Fine-tuned NVIDIA Parakeet-TDT-0.6B for German medical documentation transcription.

This model is a fine-tuned derivative of nvidia/parakeet-tdt-0.6b-v3, which is licensed under CC-BY-4.0.

Model Description

This model is a parameter-efficient fine-tuned (PEFT) version of NVIDIA's Parakeet-TDT-0.6B specialized for German medical documentation (Arztbriefe). It uses the decoder+joint training strategy, training only 2.89% of the model parameters while achieving significant improvements in medical domain accuracy.

  • Base Model: nvidia/parakeet-tdt-0.6b-v3
  • Language: German (de-DE)
  • Domain: Medical documentation
  • Training Method: PEFT (decoder+joint strategy)
  • Parameters Trained: 18.1M / 627M (2.89%)

Performance

Evaluated on German medical documentation test set (122 samples):

Model WER
Base Parakeet-TDT-0.6B 11.73%
Parakeet-DE-Med 3.28%

Improvement: 72% WER reduction

Training Details

  • Training Data: 976 German medical documentation samples
  • Training Epochs: 5
  • Training Strategy: Freeze encoder, train decoder and joint network only
  • Precision: BF16 mixed precision
  • Batch Size: 4 (effective batch size 16 with gradient accumulation)
  • Learning Rate: 2e-4

Usage

Prerequisites

pip install nemo_toolkit['asr']
# Or for the latest version:
pip install git+https://github.com/NVIDIA/NeMo.git@main#egg=nemo_toolkit[asr]

Basic Transcription

import nemo.collections.asr as nemo_asr

# Load the model from HuggingFace
model = nemo_asr.models.ASRModel.from_pretrained("johannhartmann/parakeet_de_med")

# Transcribe a single audio file
transcription = model.transcribe(["path/to/audio.wav"])
print(transcription[0])

Batch Transcription

import nemo.collections.asr as nemo_asr

model = nemo_asr.models.ASRModel.from_pretrained("johannhartmann/parakeet_de_med")

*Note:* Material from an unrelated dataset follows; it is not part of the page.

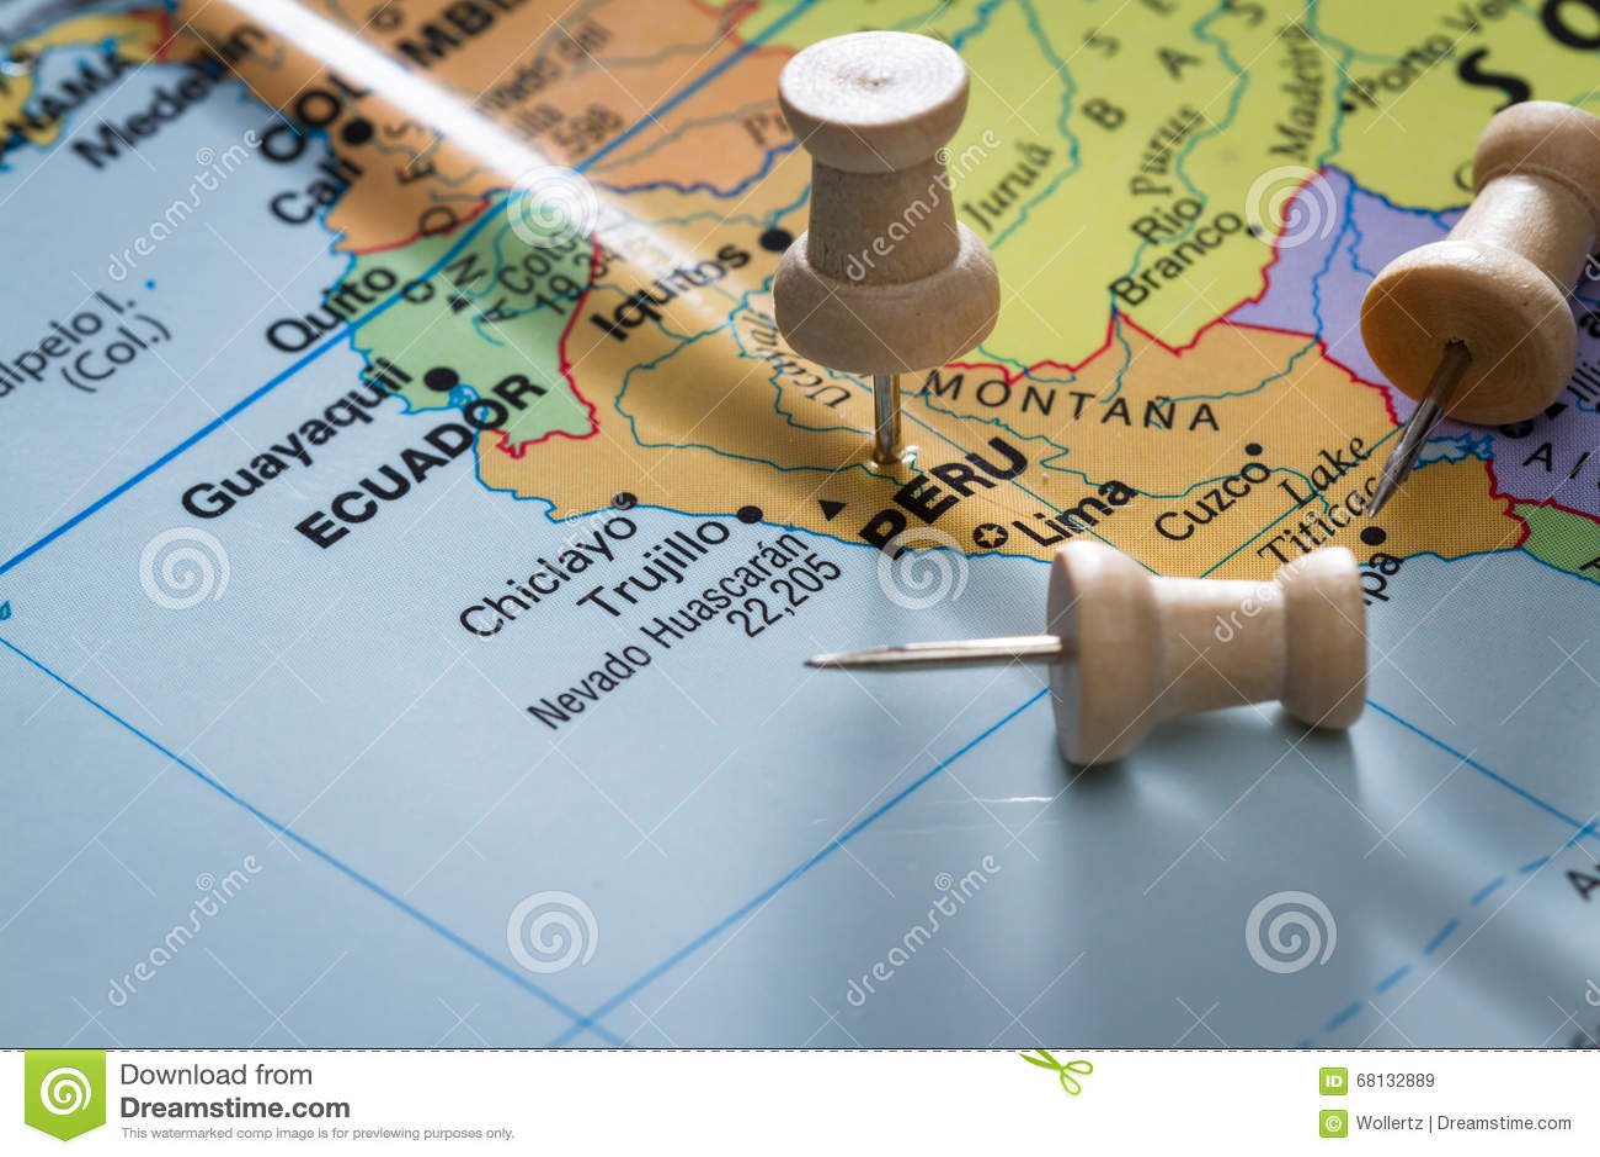 Peru markierte auf einer Karte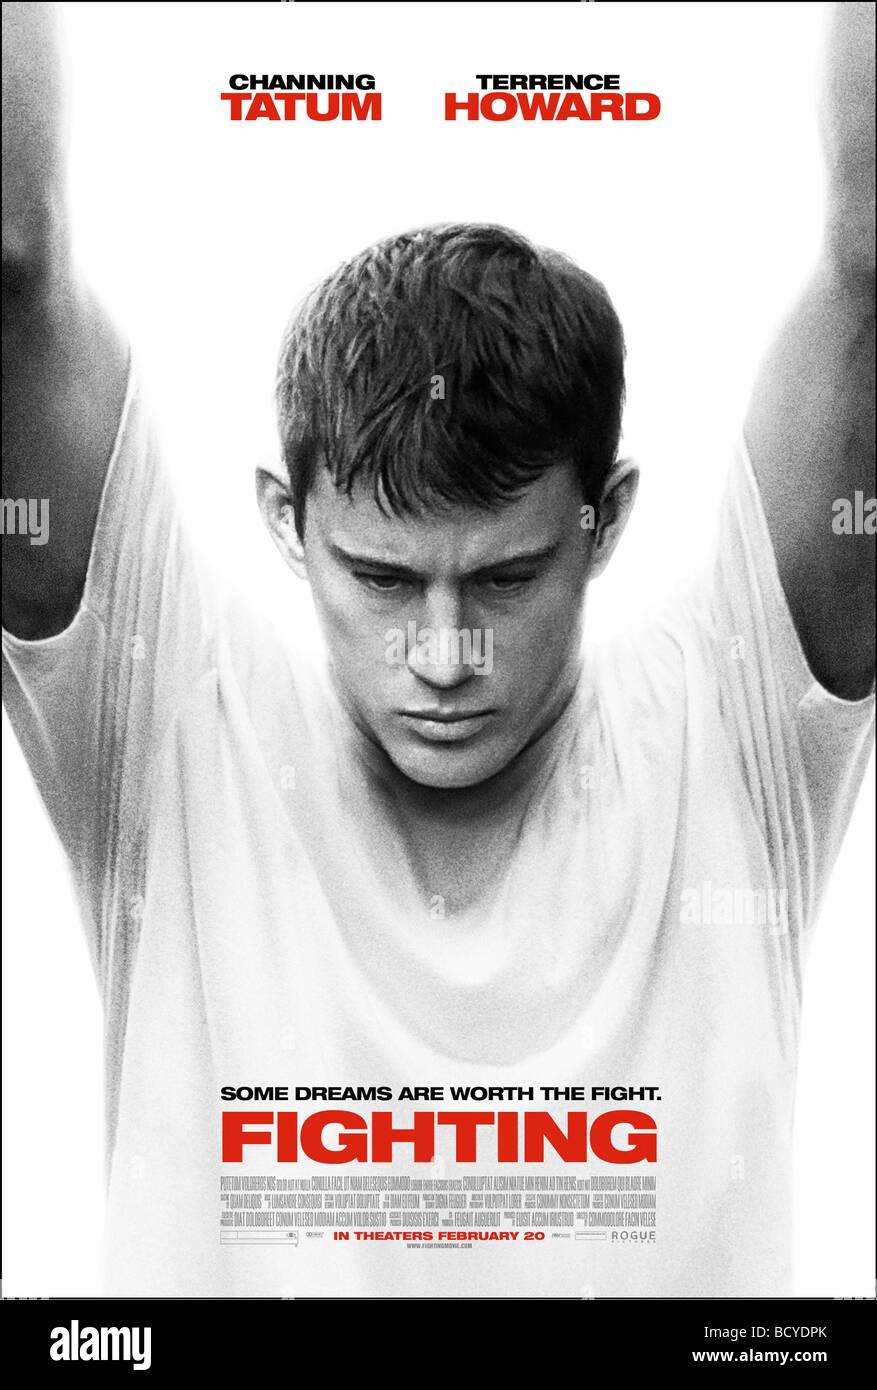 Combattimenti Anno : 2009 Direttore : Dito Montiel Channing Tatum poster (USA) Immagini Stock

# Transcribe multiple files
audio_files = [
    "patient_recording_1.wav",
    "patient_recording_2.wav",
    "patient_recording_3.wav"
]

transcriptions = model.transcribe(audio_files, batch_size=4)
for i, text in enumerate(transcriptions):
    print(f"File {i+1}: {text}")

Real-time/Streaming Audio

import nemo.collections.asr as nemo_asr
import soundfile as sf

model = nemo_asr.models.ASRModel.from_pretrained("johannhartmann/parakeet_de_med")

# Load audio file
audio, sample_rate = sf.read("medical_dictation.wav")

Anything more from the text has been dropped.